Bigger data domains will result in much larger and more complex GANs being necessary.

The Future of CoreML

In CoreML 3, which was introduced at WWDC 2019, Apple introduced another way to use CoreML with images. Prior to CoreML 3, to use a CoreML .mlmodel file with an image, you had to use a CVPixelBuffer object (which involved converting the image), or use Apple’s Vision framework to work with CoreML.

In CoreML 3 you can use MLFeatureValue. MLFeatureValue lets you pass CGImage objects (which means you can use image files) directly into CoreML models.

You can learn about using MLFeatureValue by taking a look at the contents of the class that’s generated for you when you drop a CoreML model into an Xcode project. If we look back to the “Task: Image Classification” that we built earlier, and look at the autogenerated code for our fruit-detection model, we can see that both the WhatsMyFruitInput class.

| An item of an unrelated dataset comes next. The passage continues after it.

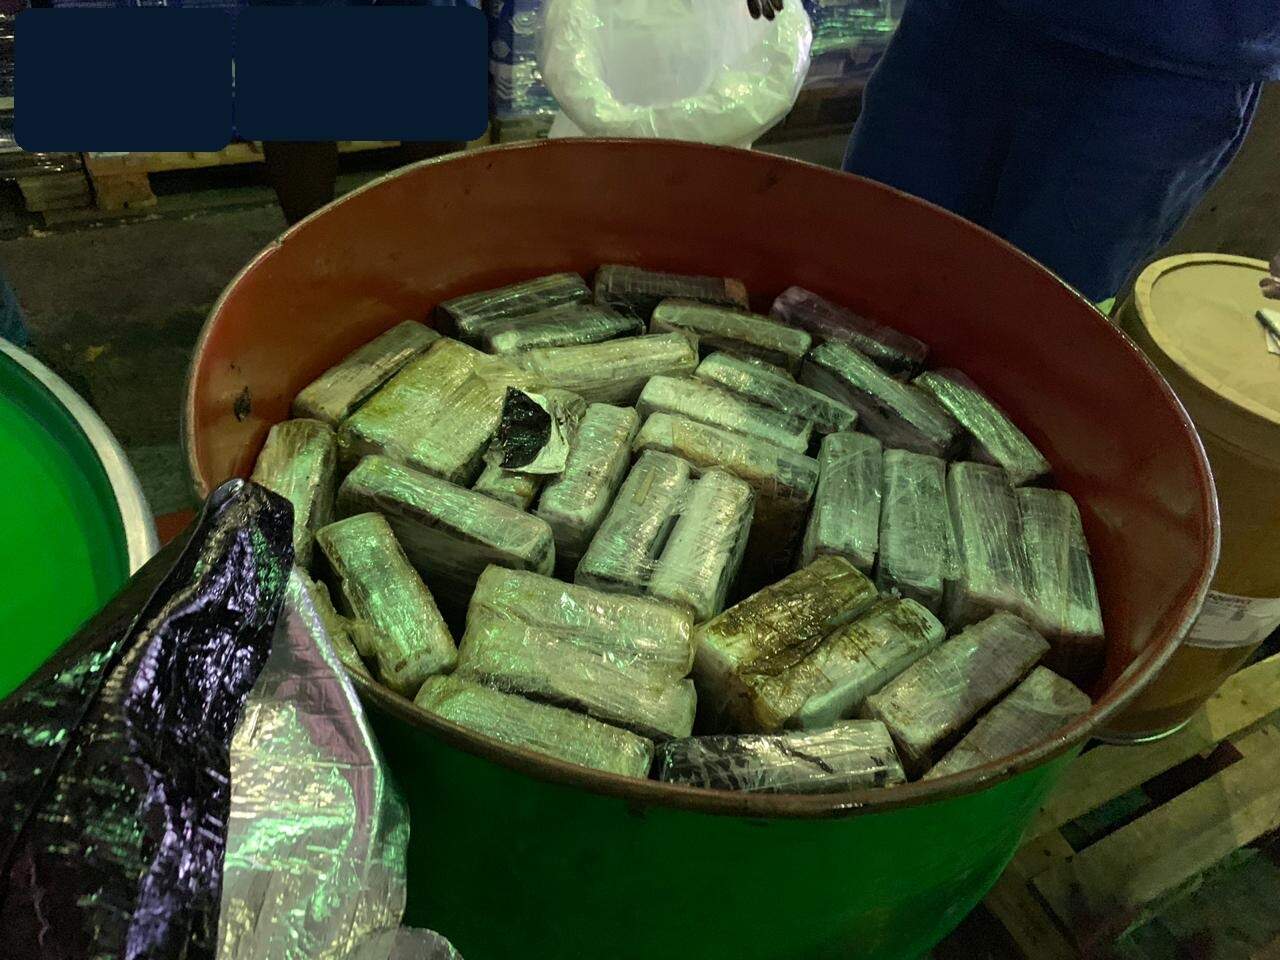 Tabletes de cocaína estavam em tambores localizados dentro de contêiner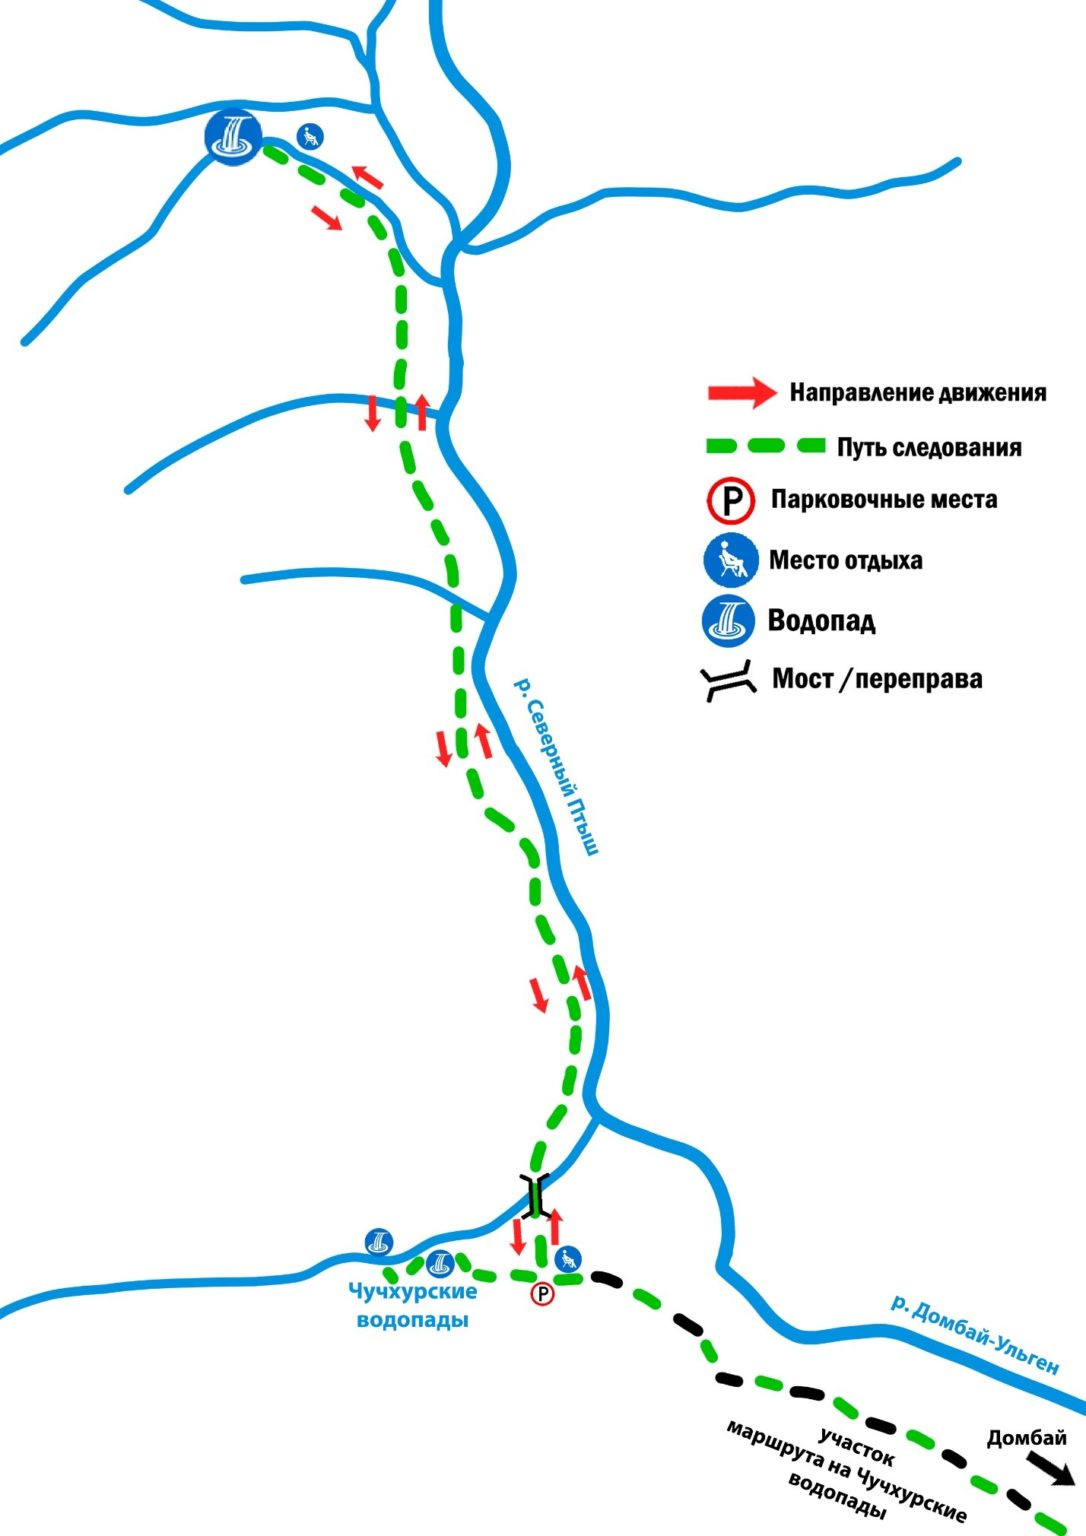 Схема маршрута на Птышский водопад (с сайта https://tgpbz.ru)

class WhatsMyFruitInput : MLFeatureProvider {

    /// Input image to be classified as color (kCVPixelFormatType_32BGRA)
    /// image buffer, 299 pixels wide by 299 pixels high
    var image: CVPixelBuffer

    var featureNames: Set<String> {
        get {
            return ["image"]
        }
    }

    func featureValue(for featureName: String) -> MLFeatureValue? {
        if (featureName == "image") {
            return MLFeatureValue(pixelBuffer: image)
        }
        return nil
    }

    init(image: CVPixelBuffer) {
        self.image = image
    }
}

and the WhatsMyFruitOutput class:

class WhatsMyFruitOutput : MLFeatureProvider {

    /// Source provided by CoreML

    private let provider : MLFeatureProvider


    /// Probability of each category as dictionary of strings to doubles
    lazy var classLabelProbs: [String : Double] = {
        [unowned self] in return self.provider.featureValue(for:
            "classLabelProbs")!.dictionaryValue as! [String : Double]
    }()

    /// Most likely image category as string value
    lazy var classLabel: String = {
        [unowned self] in return self.provider.featureValue(
            for: "classLabel")!.stringValue
    }()

    var featureNames: Set<String> {
        return self.provider.featureNames
    }

    func featureValue(for featureName: String) -> MLFeatureValue? {
        return self.provider.featureValue(for: featureName)
    }

    init(classLabelProbs: [String : Double], classLabel: String) {
        self.provider = try! MLDictionaryFeatureProvider(
            dictionary: [
                "classLabelProbs" : MLFeatureValue(
                    dictionary: classLabelProbs as [AnyHashable : NSNumber]),
                "classLabel" : MLFeatureValue(string: classLabel)
                ]
        )
    }

    init(features: MLFeatureProvider) {
        self.provider = features
    }
}

both conform to the MLFeatureProvider protocol. The featureValue() function is the most interesting thing here. Looking at the featureValue() function in the input class, we can see that it returns an MLFeatureValue that contains an image, automatically converted via CVPixelBuffer.

MLFeatureValue also supports String, dictionaries, Double, MLMultiArray, and MLSequence. MLFeatureValue is a little outside of the scope of this book, given that we’re mostly interested in practical AI, and this is getting quite advanced. Check out Apple’s documentation for more details.

Tip

If you want to learn more about this, we again highly recommend Matthijs Holleman’s book, CoreML Survival Guide. See also “Other People’s Tools”.

Next Steps

This chapter, together with the Chapter 10, has given you a little insight into what’s happening under the hood when you build something with AI and ML. In the Chapter 12, we take that a step further and look at how we can implement a much lower-level piece of ML.